● **DATA BELOW**
::::
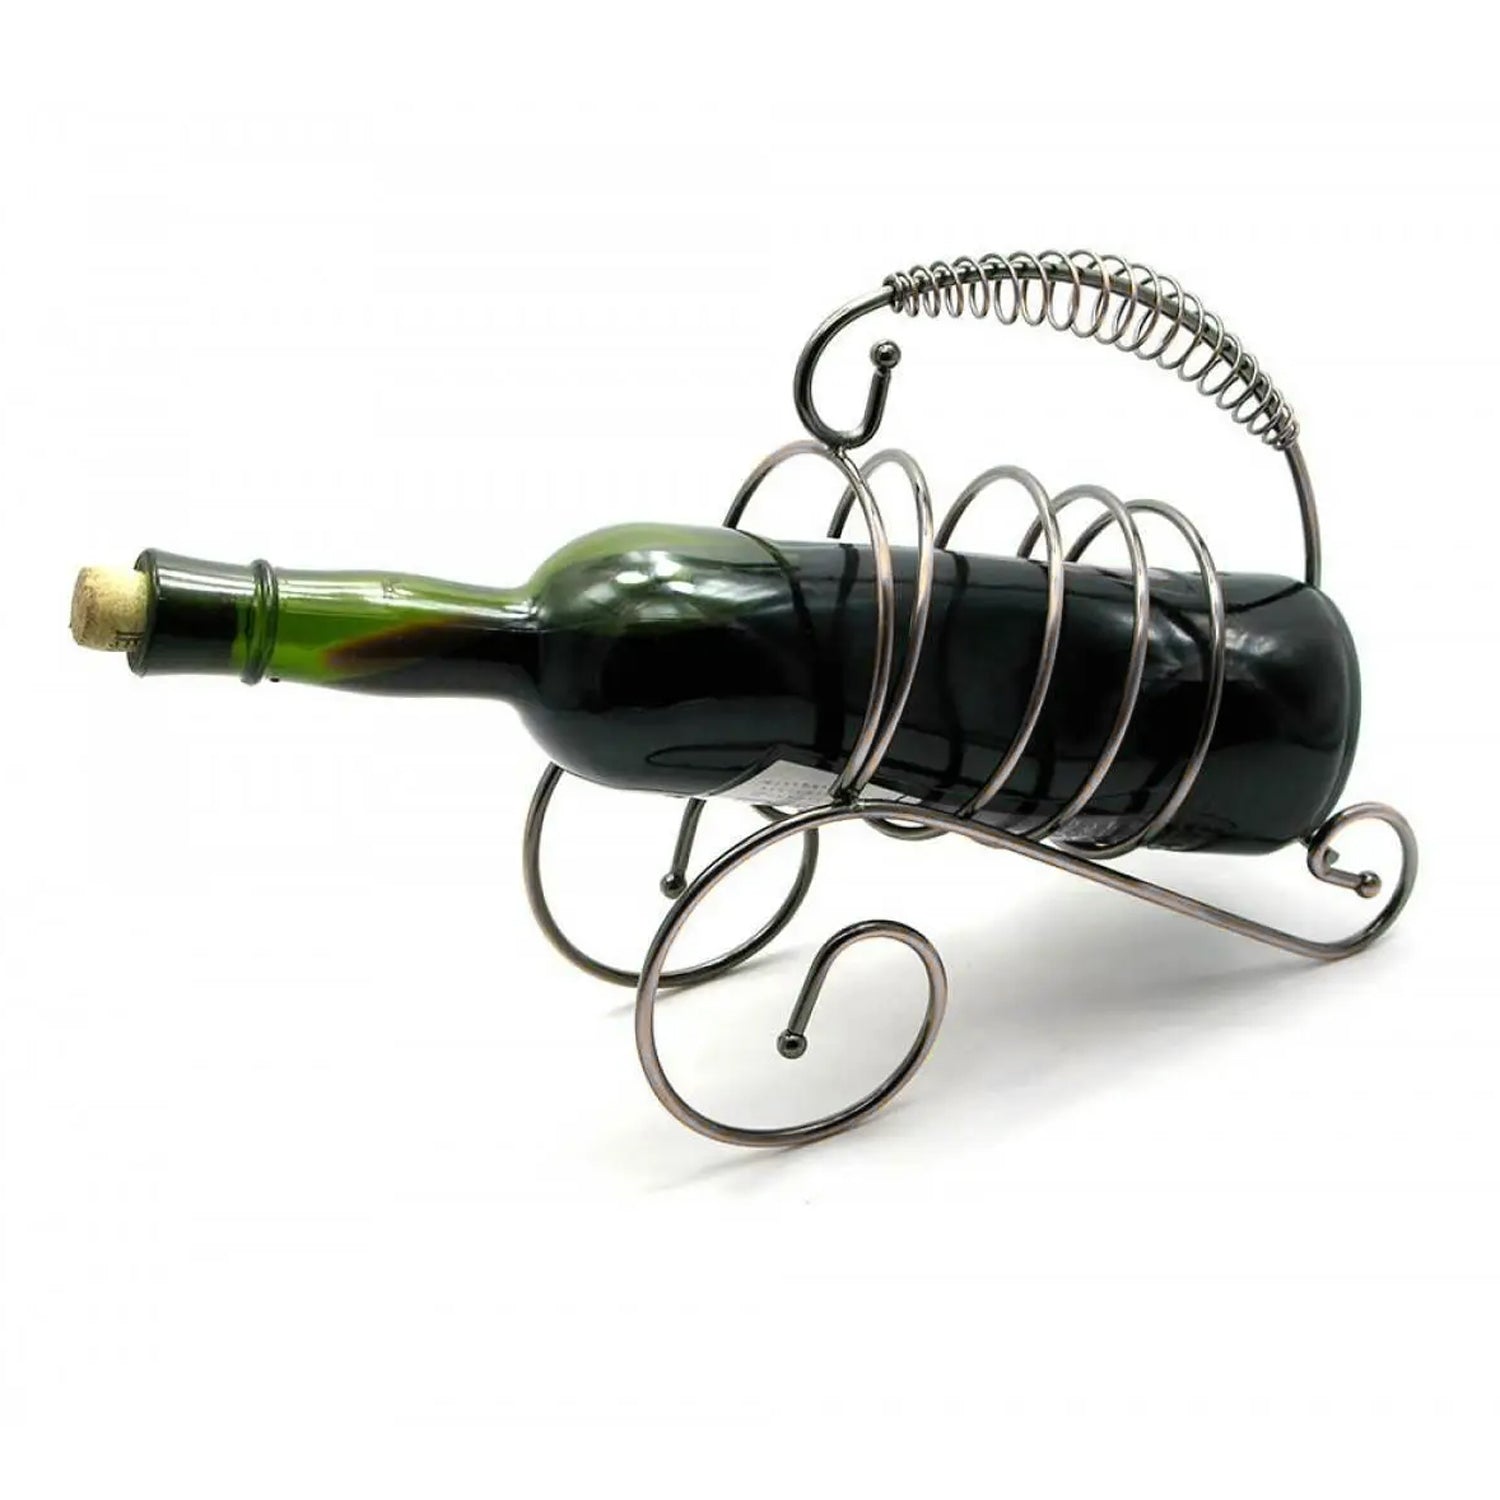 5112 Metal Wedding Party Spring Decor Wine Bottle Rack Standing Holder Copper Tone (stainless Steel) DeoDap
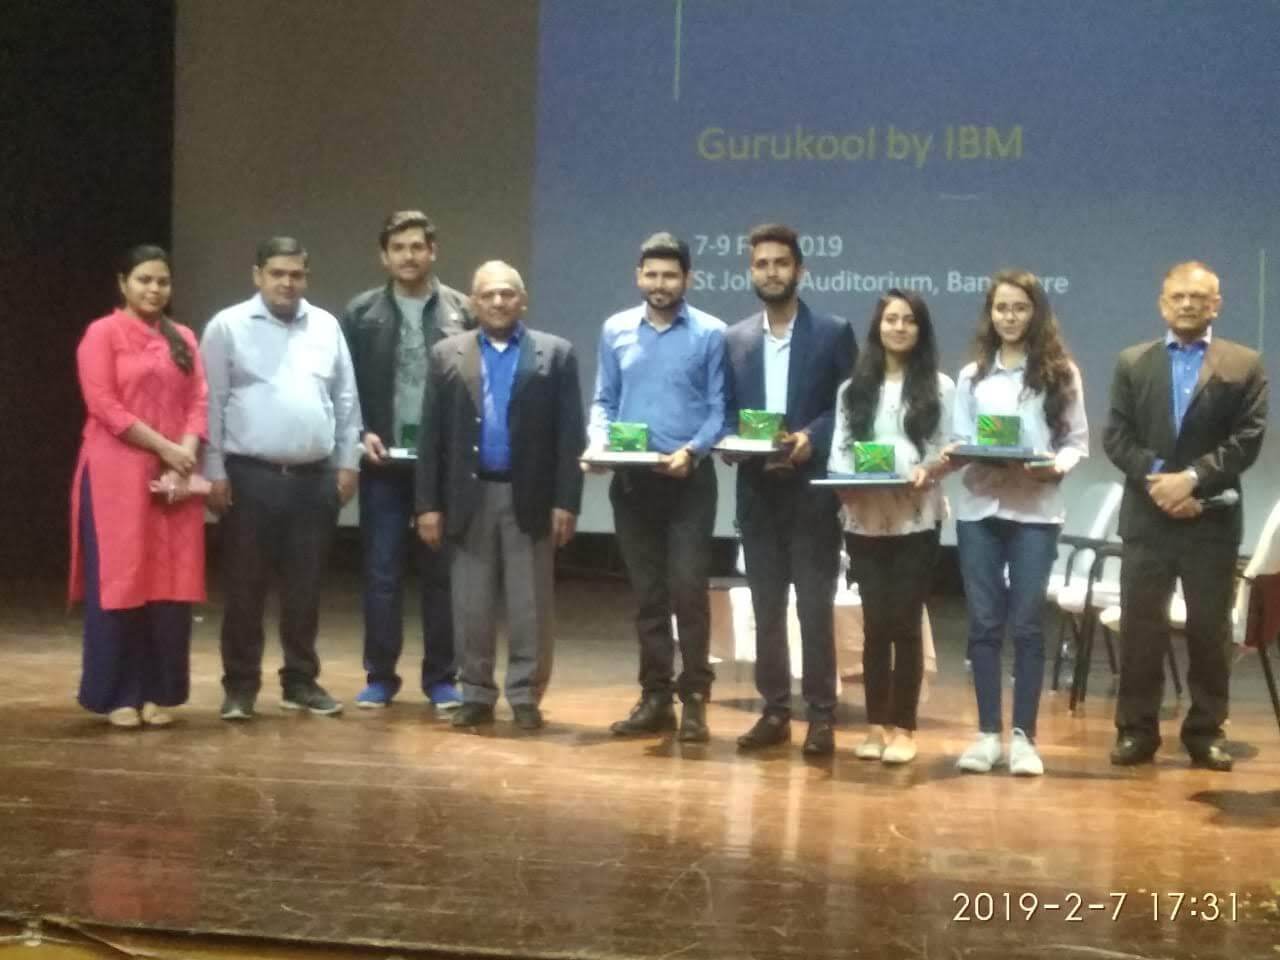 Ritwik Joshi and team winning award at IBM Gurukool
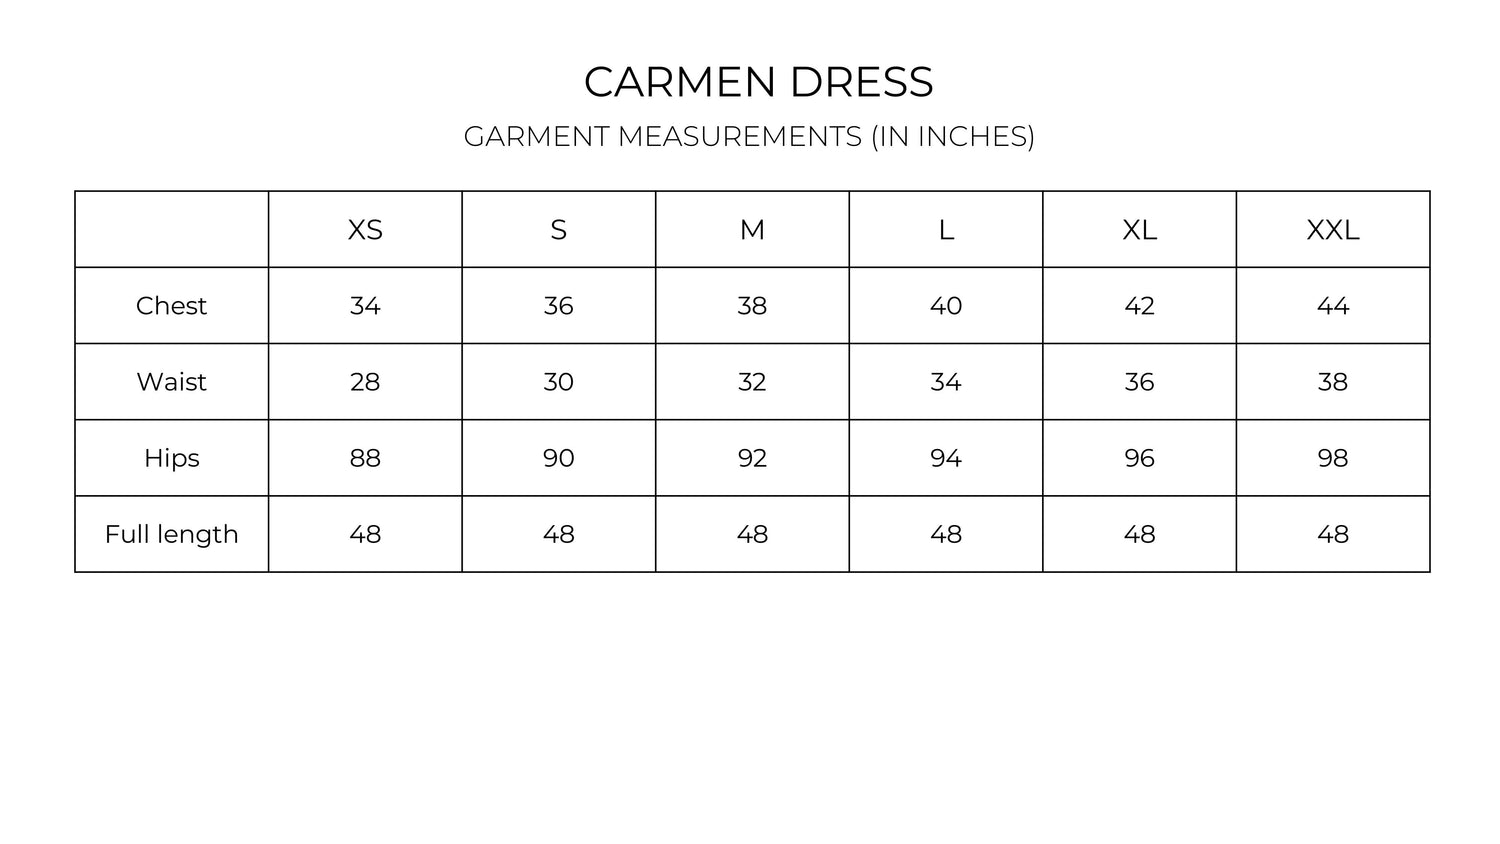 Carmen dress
::::
● **AIM OF THE EXERCISE**
Transcribe the full listing above exactly, with the images removed.

● **RESPONSE**
 5112 Metal Wedding Party Spring Decor Wine Bottle Rack Standing Holder Copper Tone (stainless Steel) DeoDap
 Ritwik Joshi and team winning award at IBM Gurukool
 Carmen dress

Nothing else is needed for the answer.